Hastert Irate at ABC Story; Bush Freezes Files
House Speaker Dennis Hastert demands a retraction from ABC News for reporting that Hastert was involved in an investigation of a corrupt lobbyist -- even after the Justice Department had denied he was a target. Hastert has said that someone inside the Justice Department might have led ABC astray in an effort to intimidate him.
Hastert has denounced a Justice Department search of the congressional office of Rep. William Jefferson (D-LA), who is under investigation for corruption. Jefferson's home and congressional office were searched last week by federal agents.
Reports that Hastert was part of the Justice investigation into the corrupt lobbyist Jack Abramoff'S ties on Capitol Hill were reported by ABC News Wednesday night. They were quickly denied by the Justice Department.
Speaking with Chicago radio station WGN early Thursday, Hastert was asked whether he is still seeking a retraction from ABC. "Oh absolutely, the House speaker said. "It's not true, the Justice Departments denied it.

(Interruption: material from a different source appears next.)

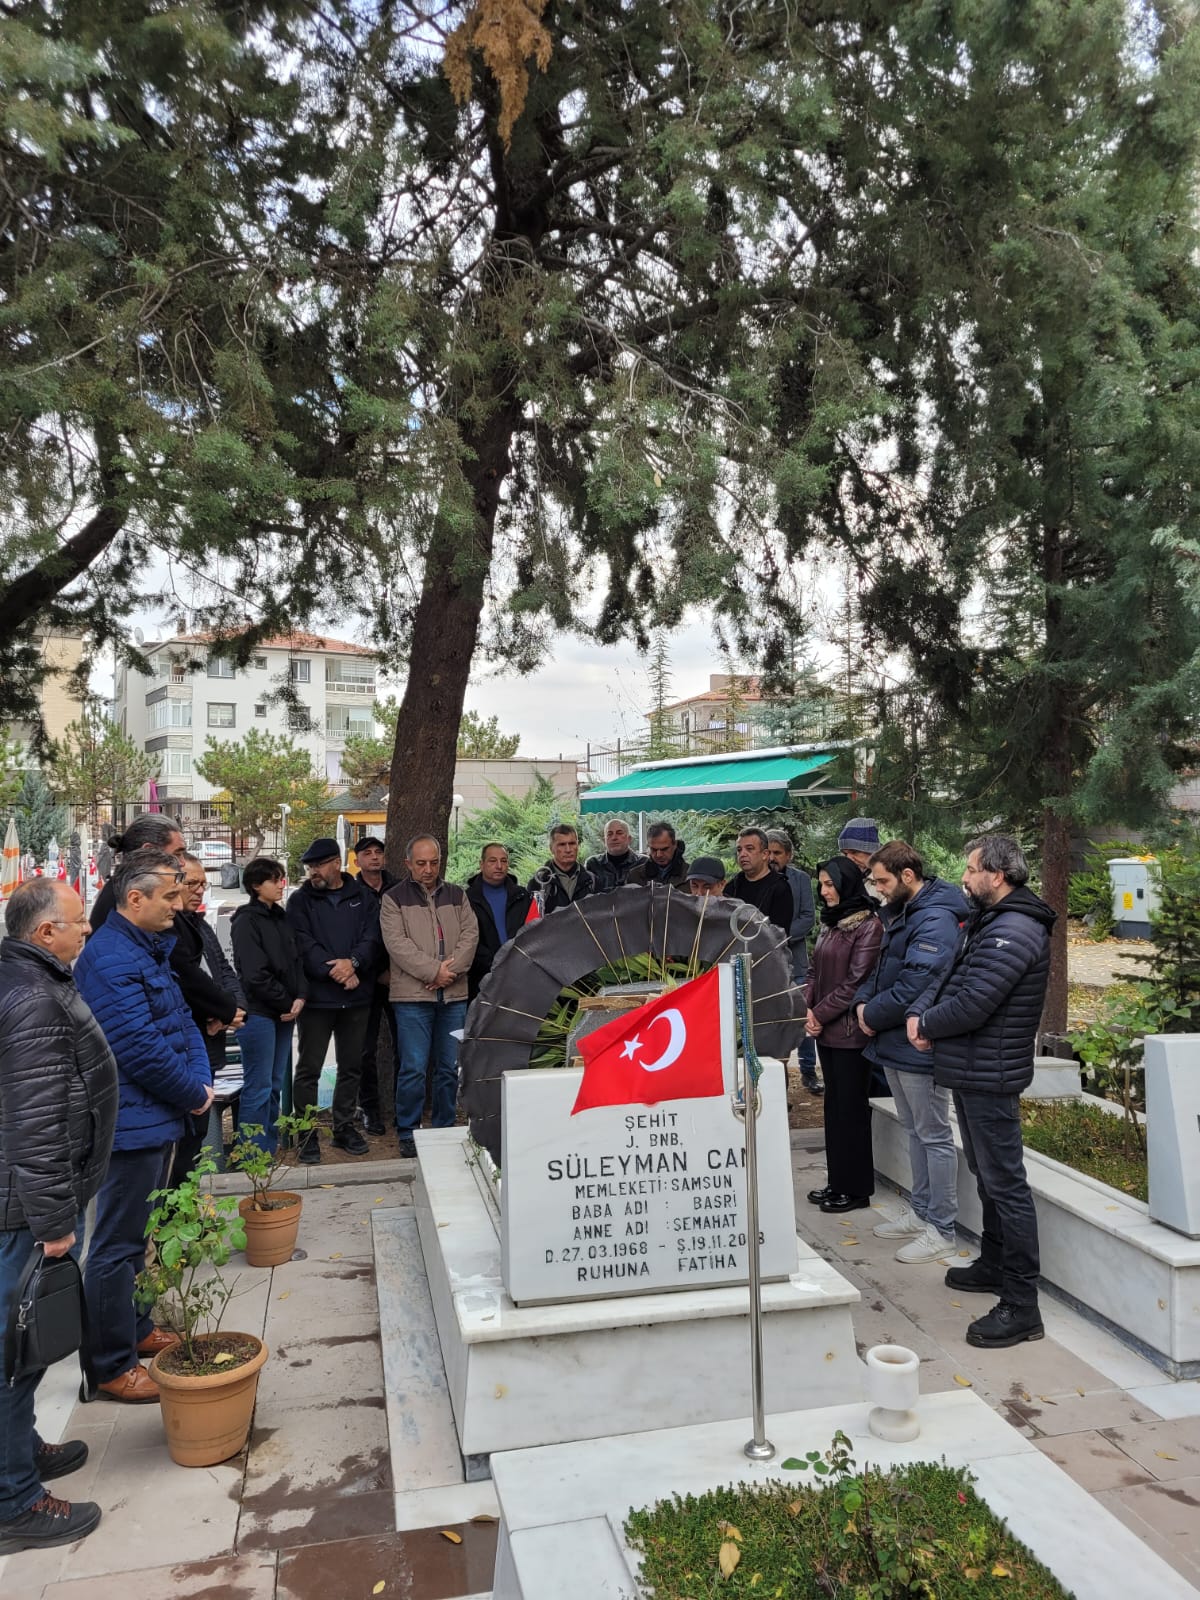 322 Şht.J.Bnb. Süleyman CAN Anma Töreni (19.11.2022)

This is one of the leaks that come out to try and intimidate people, and we're just not going to be intimidated."
But later Thursday, when he appeared outside the Capitol at a ceremony honoring veterans, Hastert was starting to sound a little more measured.
"Now I don't know if this leak, that came out of the Justice Department or wherever it came from, was a coincidence or not," Hastert said. "But I'll let anybody else connect the dots." Asked if anyone was trying to intimidate him, Hastert answered, "I wouldn't say that. That's speculation."
Attorney General Alberto Gonzales, whose department approved the search of Jefferson's office, has sought to ease tensions in the case. Since the raid, he spoke of his respect for Congress as a co-equal branch of government, claiming the search came only after Rep. Jefferson ignored a subpoena. But Hastert and other lamakers -- including, of course Rep. Jefferson himself -- have demanded the FBI return the materials it seized during the search.
President Bush has asked the Justice Department to seal all the documents and keep them for 45 days, when more facts may have emerged, and tempers have cooled.
In the corruption investigation of Rep. Jefferson, which a FBI search warrant identified as a man receiving a large bribe, the congressman has yet to be charged with any crime.